Adamın karizmatikliği su götürmez bir gerçek olsa da, bilinenin diğer yarısında oldukça tehlikeli bir adam oluşu iki kızı fazlasıyla germişti. Sessizce yutkunan Leyla, "Anlıyorum.." diye mırıldandı. "Peki, şimdi ne yapacağız? Bu adamlar sizi aradığımızı öğrendi. Her gün beni sorguya çekiyorlar." dedi sıkıntıyla. Korkudan yaş dolan gözlerini kırpıştırdı. Yağız, bu sahnede yüreğinde oluşan sızıyla kaşlarını çattı. Saçma sapan bir duygu selinin ortasında kaybolmanın sırası değildi. Eğer dedelerindeki ve babasındaki şans kendisinde bir nebze varsa, zaten bu kız onun kaderi olacaktı.. O yüzden şimdi bütün dikkatini kızları bu işe dahil etmeden çözüme kavuşturma işine vermeliydi.

"Size bir şey olmasına izin vermeyeceğiz!" dedi suskunluğunu bozarak. Dedesi adına karar verip, açıklama yapmasını birkaç saniye içinde utanç olarak genç adama dönse de, belli etmedi. Sinan'a çevirdi mahcup bakışlarını. "Dimi dede?" diye sordu sessizce.

Sinan sert çehresine gülüş bırakmamak için tuttu kendini. Gençliğin ateşi ne de güzel yakıyordu etrafını. Kafasını aheste tavrıyla salladı. "Torunum haklı! Tabi ki size zarar gelmesini önleyeceğim!" dedi.

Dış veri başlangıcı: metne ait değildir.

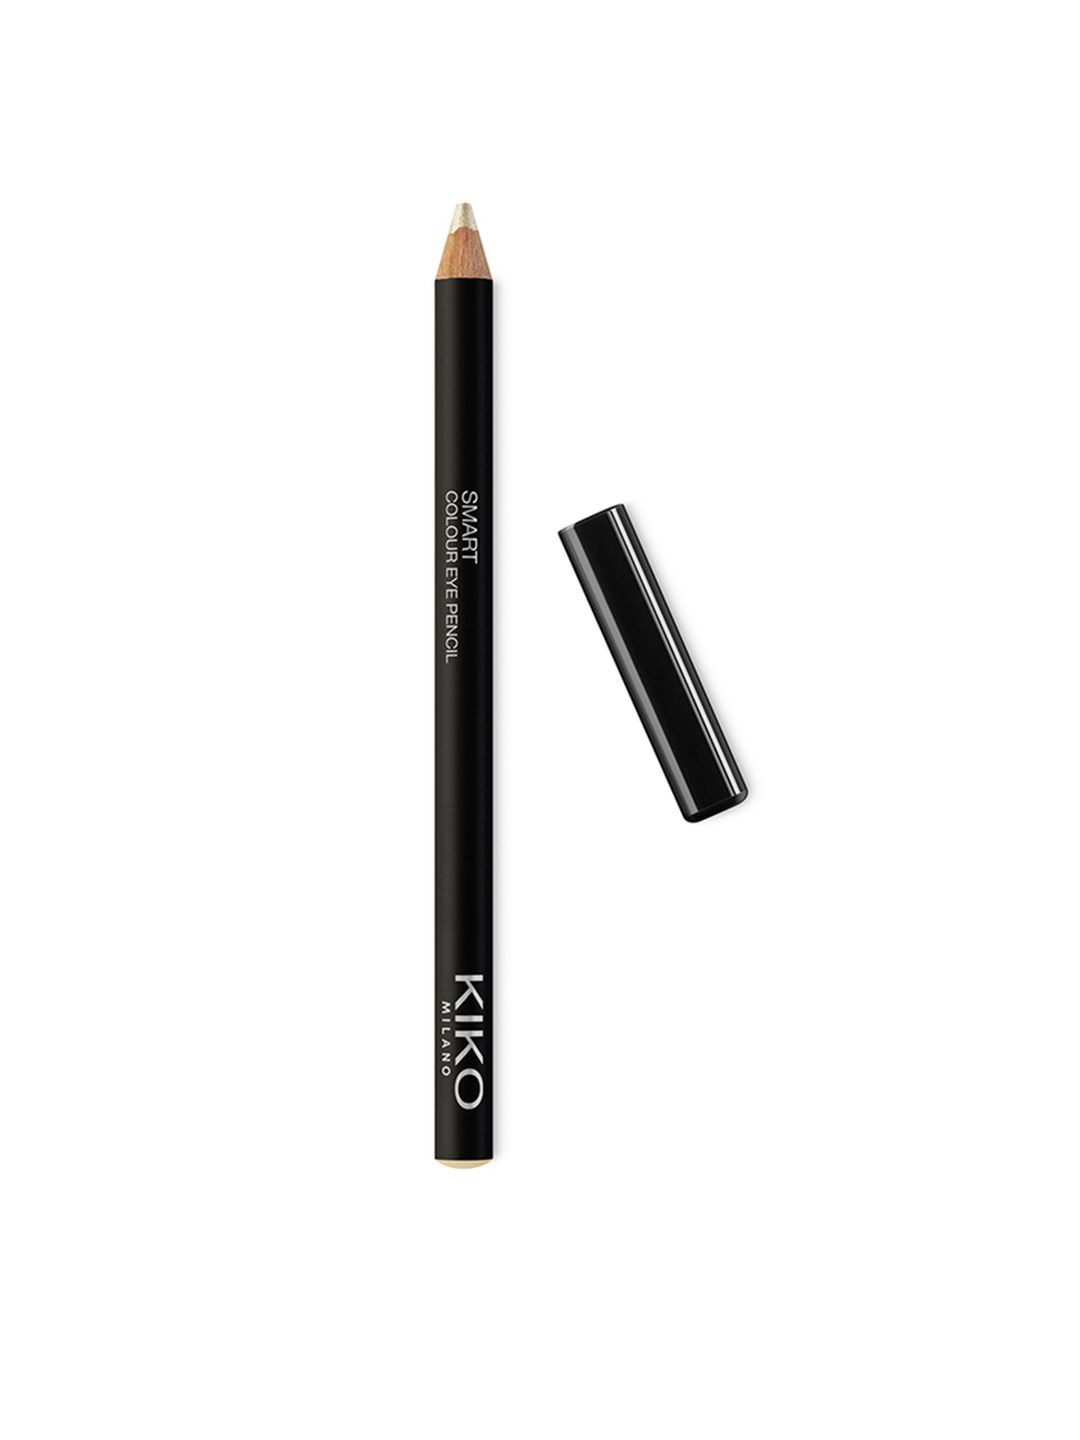 KIKO MILANO Smart Colour Eye Pencil - Pearly Gold 01 Price in India

İki kız yine aynı anda merakla, "Nasıl?" diye sordu. Sinan sanki çok normal bir durumdan bahseder gibi omzunu çekti. "İstanbul'a gelerek!" dedi.

Kızları ani bir şok dalgası vururken, ilk kendine gelen Leyla oldu. "Ama olmaz ki! Burada bir hayatımız var!" dedi.

Sinan dudak büzdü. "Oğlumun hayatta kalmasından sonra, senin yaşayacak bir hayatın olmayacak!" dedi. Gerçekler hiç bu kadar acı olmamıştı!

"Teşekkürler.." diye tısladı genç kız. Bu kadar açık sözlü olmak suç sayılmalıydı!

"Ben konuşmaları pek dolandırmayı sevmem hoş görün.." dedi yılların aslanı. Emel, adama hak verircesine kafasını salladı ve yanında oturan kuzenine döndü. Elini tuttu. "Sinan bey haklı. Senin gitmen lazım." Dedi. Leyla hızla bu duruma karşı çıktı. Emel dinlemedi.

"İstediğin iş imkanıysa onu olmuş bil. Otele ortaklığımız var çok şükür." dedi. Leyla gözlerini büyüttü. Bu adamın ortak olmadığı ne vardı acaba?

"Eniştem Soydan grubunun sahibidir." dedi Yağız gülerek. Leyla'nın gözleri daha da büyüdü. Bahsettiği Soydan grubu, kendi düşündüğü Soydan grubuyla aynı kişiler miydi?

"Evet aynı kişiler.." dedi bu sefer genç adam. Leyla utançla kızarırken, Yağız keyifle gülümsedi. Bu kadın her zaman utanmalı diye aklından geçirdi.. Elmacık kemiklerindeki o kızarıklığı sabah akşam seyredebilirdi..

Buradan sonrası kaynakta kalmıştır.